Review: The Crook Books Vol. 1

15400975_726875727464831_4674864004204867460_n“Throughout his treatment, Mr. West used his dry cynical sense of humor to emotionally distance himself from others… Because of his reliance on the intellectual, Mr. West relies on, and is skilled with, rational challenges of his criminal thoughts.”

— residential drug treatment program summary for Scott West, Federal Bureau of Prisons, 2010.

Say whatever else you will about the man, but don’t ever say that Preservation Pub co-founder Scott West doesn’t have brass ones, a set of big, clanking balls, cajones the size of church bells. Once recognized as pillars of the community, Scott and wife Bernadette were shamed, brought low before God and man alike when it was revealed that the duo had participated in a massive drug-smuggling and money-laundering scheme that poured millions of dollars of illicit cash into downtown revitalization efforts.

West was sentenced to years in federal prison, and saw most of his assets stripped by Johnny Law. Cue the mea culpas, the public self-flagellation, the Behind-the-Music-cum-come-to-Jesus fall-and-redemption arc that sees him reemerge as a poster boy for Humble Contrition.
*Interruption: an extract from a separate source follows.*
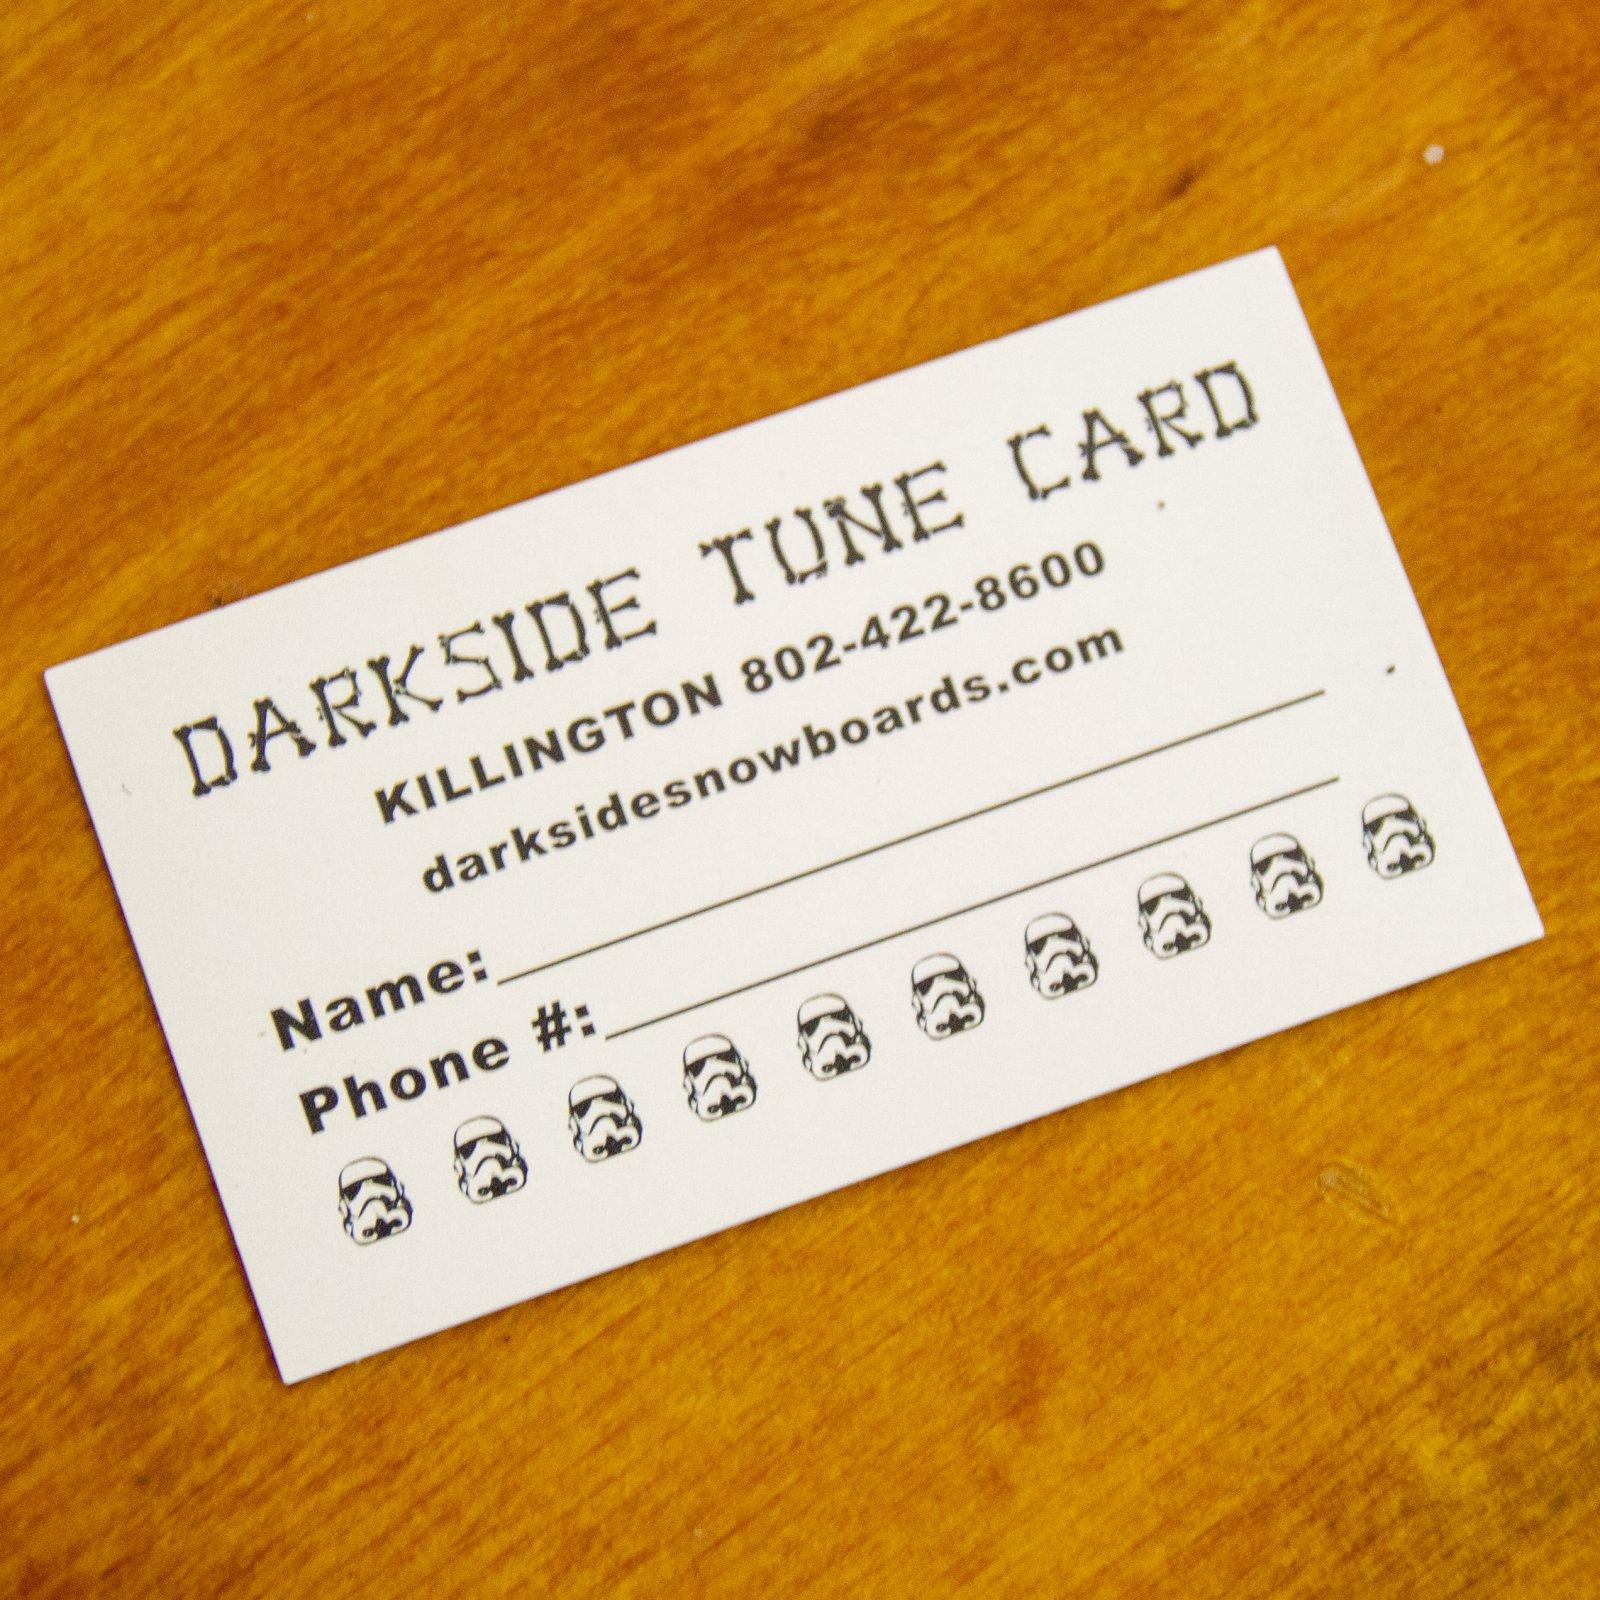 Darkside 10 Tune Punch Card
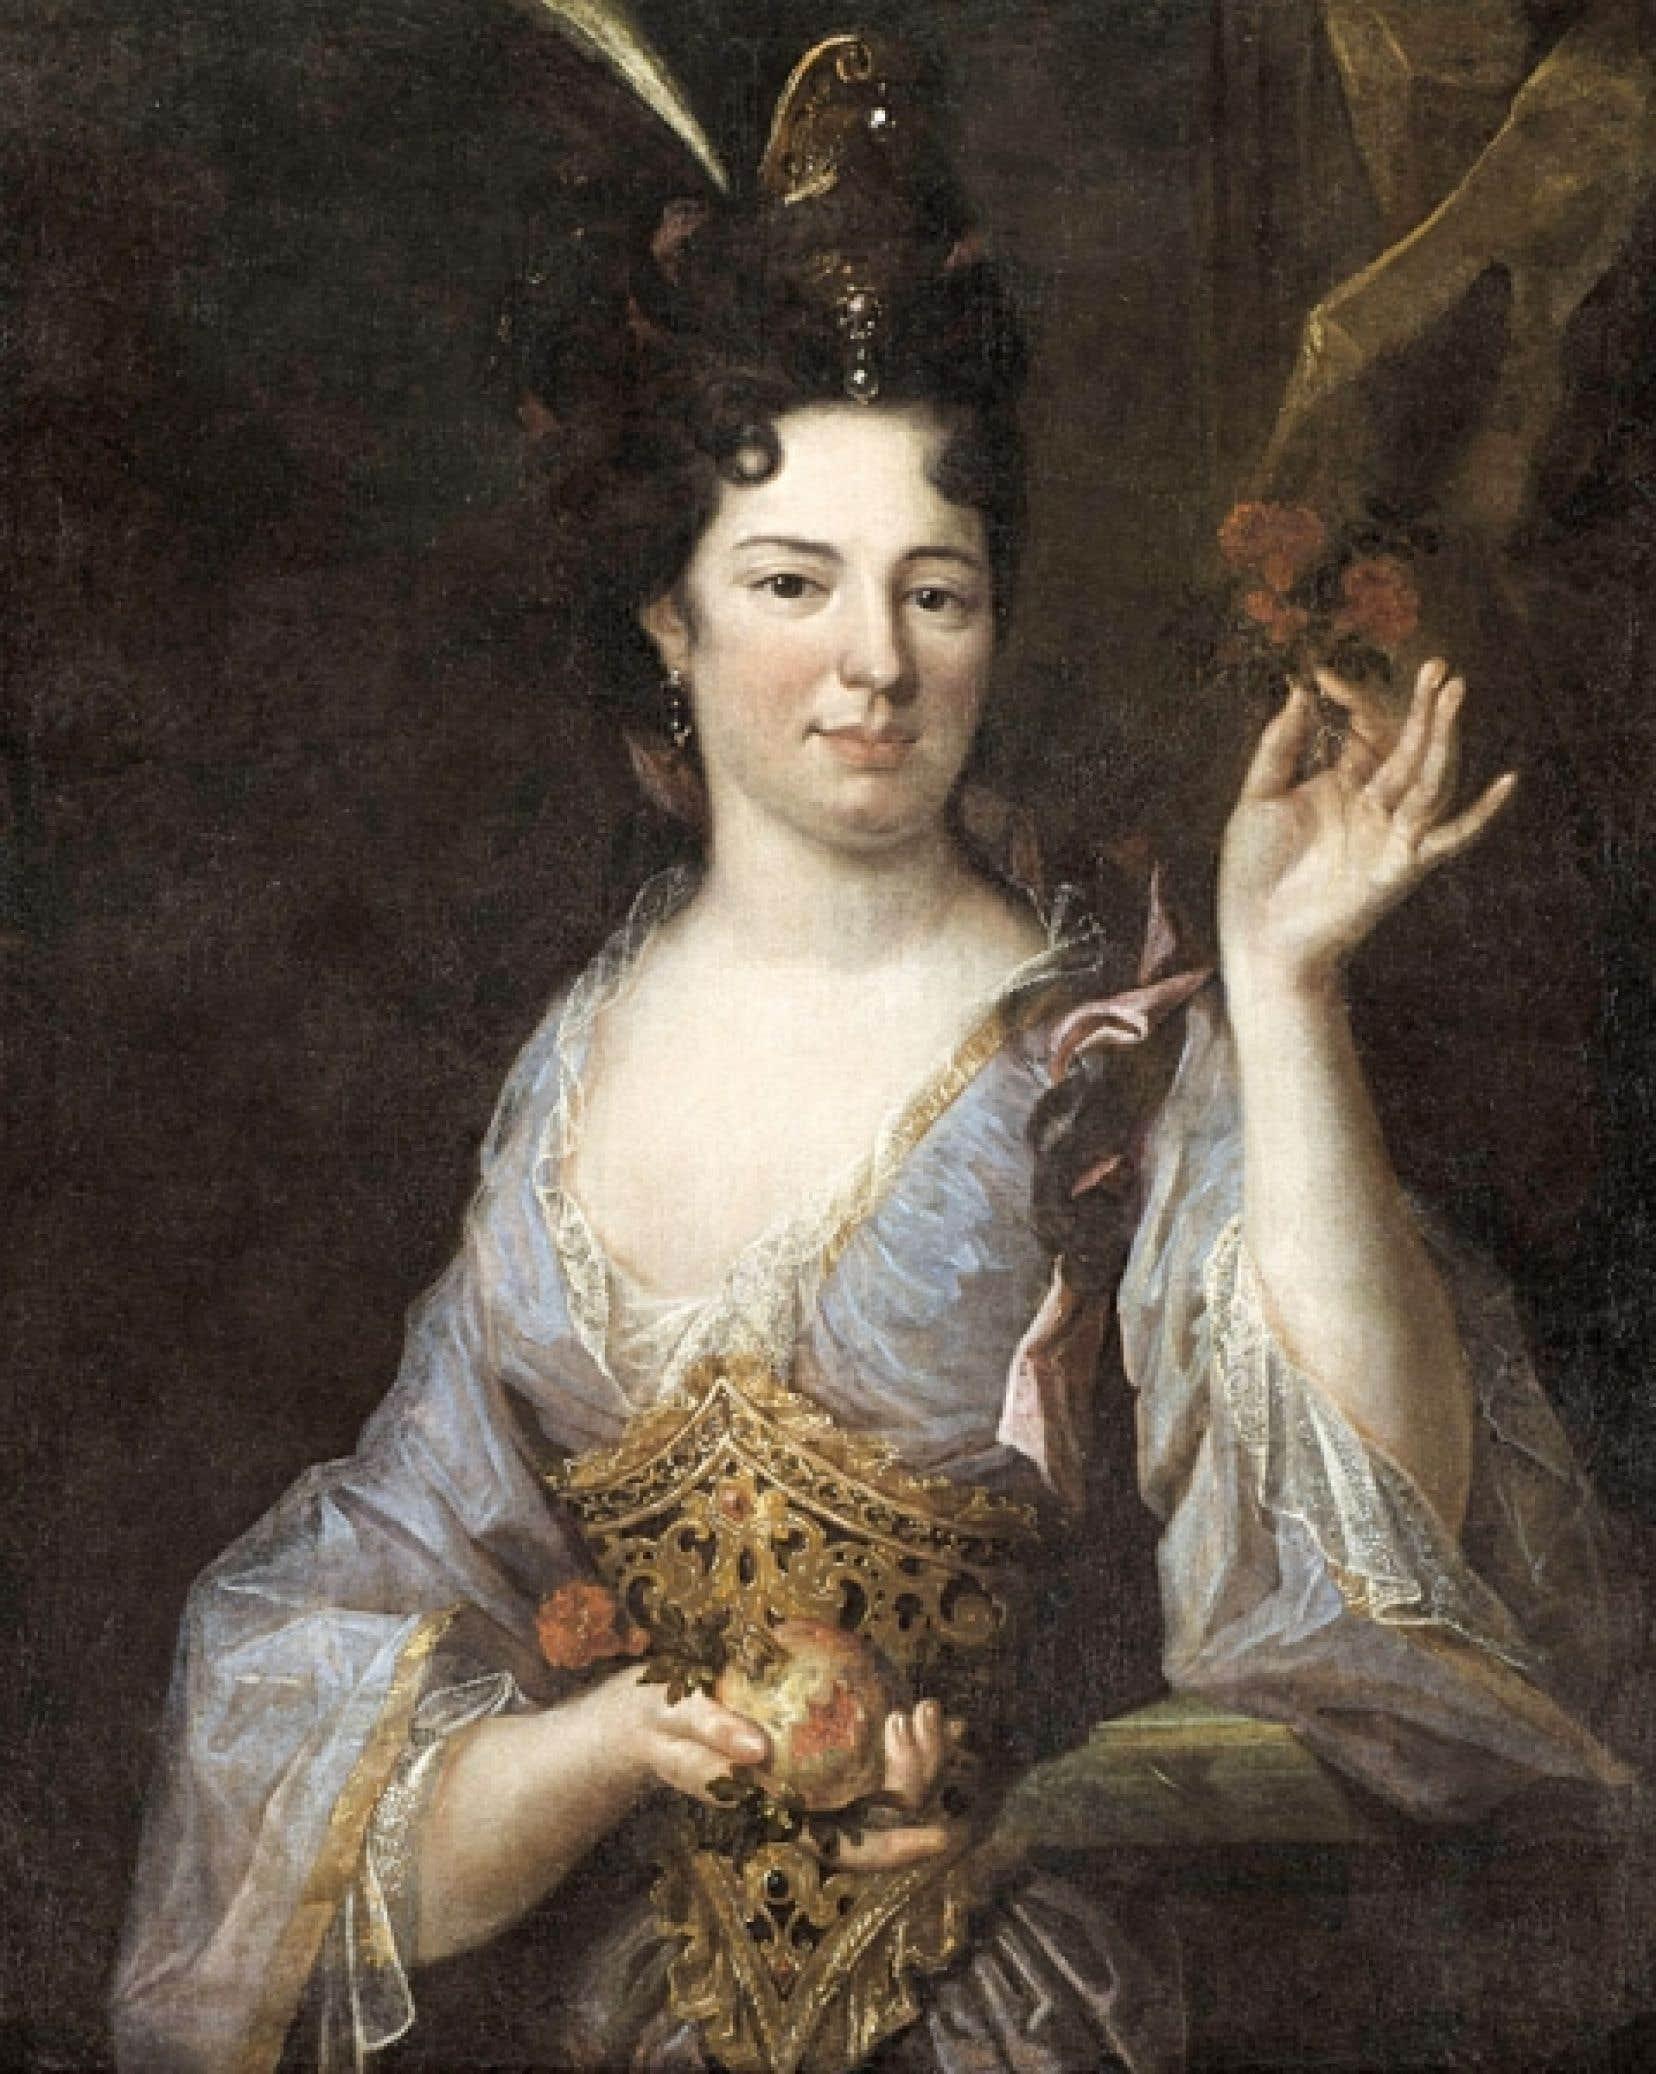 <div> Madame Charles Le Moyne de Longueuil, née Claude-Élisabeth Souart d'Adoncourt, 1681. Peintre français non identifié. Huile sur toile. Musée McCord.</div>

Yeah, well, F@#$ all that. Because instead of ruminating on the terrible magnitude of his sins, West spent his years in the big house planning his comeback (which is going rather well now, F@#$ you very much) and writing a series of books chronicling both his own story and his thoughts on crime, punishment, and the weird, savage herd instincts of American society circa the 21st century.

“In some sense, mug shot newspapers are a more civilized throwback to the good old days when Romans mobbed the Colosseum to see the lions ripe the genitals off naked criminals.”

— Scott West, TCBVOGIBG

The Crook Books Volume One: Good Intentioned Bad Guys is the first book of that series, and it is available now in… well, mostly in places owned by the West family, like Earth to Old City, and maybe Preservation Pub, if you’re lucky…

And this is why you should purchase a copy for yourself, or else steal someone else’s, if you have a half a chance: Reading this book is just about the most fun as you can possibly have for $16 without risking jail, or maybe waking up in the emergency room…

TCBVOGIBG is what might have happened if Fyodor Dostoyevsky had lived in America in the 21st century, and decided to author a bathroom reader in the bleary throes of a whiskey bender. It’s part personal musing, part biography, part history lesson, and part philosophical treatise, if sociopaths wrote philosophical treatises.

It’s also got some really mad cool pictures, mostly courtesy of jailhouse artist and fellow conspirator Mark Cort. If necessity is the mother of invention, then prison is the mother of all necessity: Cort, aka the D-Pod Da Vinci, made most of the clever caricatures and cartoons featured in the book with art utensils cobbled from weird prison detritus. Paint brushes fashioned from plastic sporks, tied with mattress threads, tipped with human hair. Paints created from coffee grounds and melted M&M shells… you get the idea.

Is the book self-serving? Hell, yes it’s self-serving, and you can make damn sure there are no apologies for that. But if you read TCBVOGIBG with anything like an open mind, you may find yourself slightly swayed, if not outright won over to West’s perspective. At the very least, you won’t look at issues of crime, punishment, and public morality in quite the same way ever again.

“The point of being a good-intentioned rule-breaker, after all, is freedom from bosses and bureaucracies, not to commit crimes.”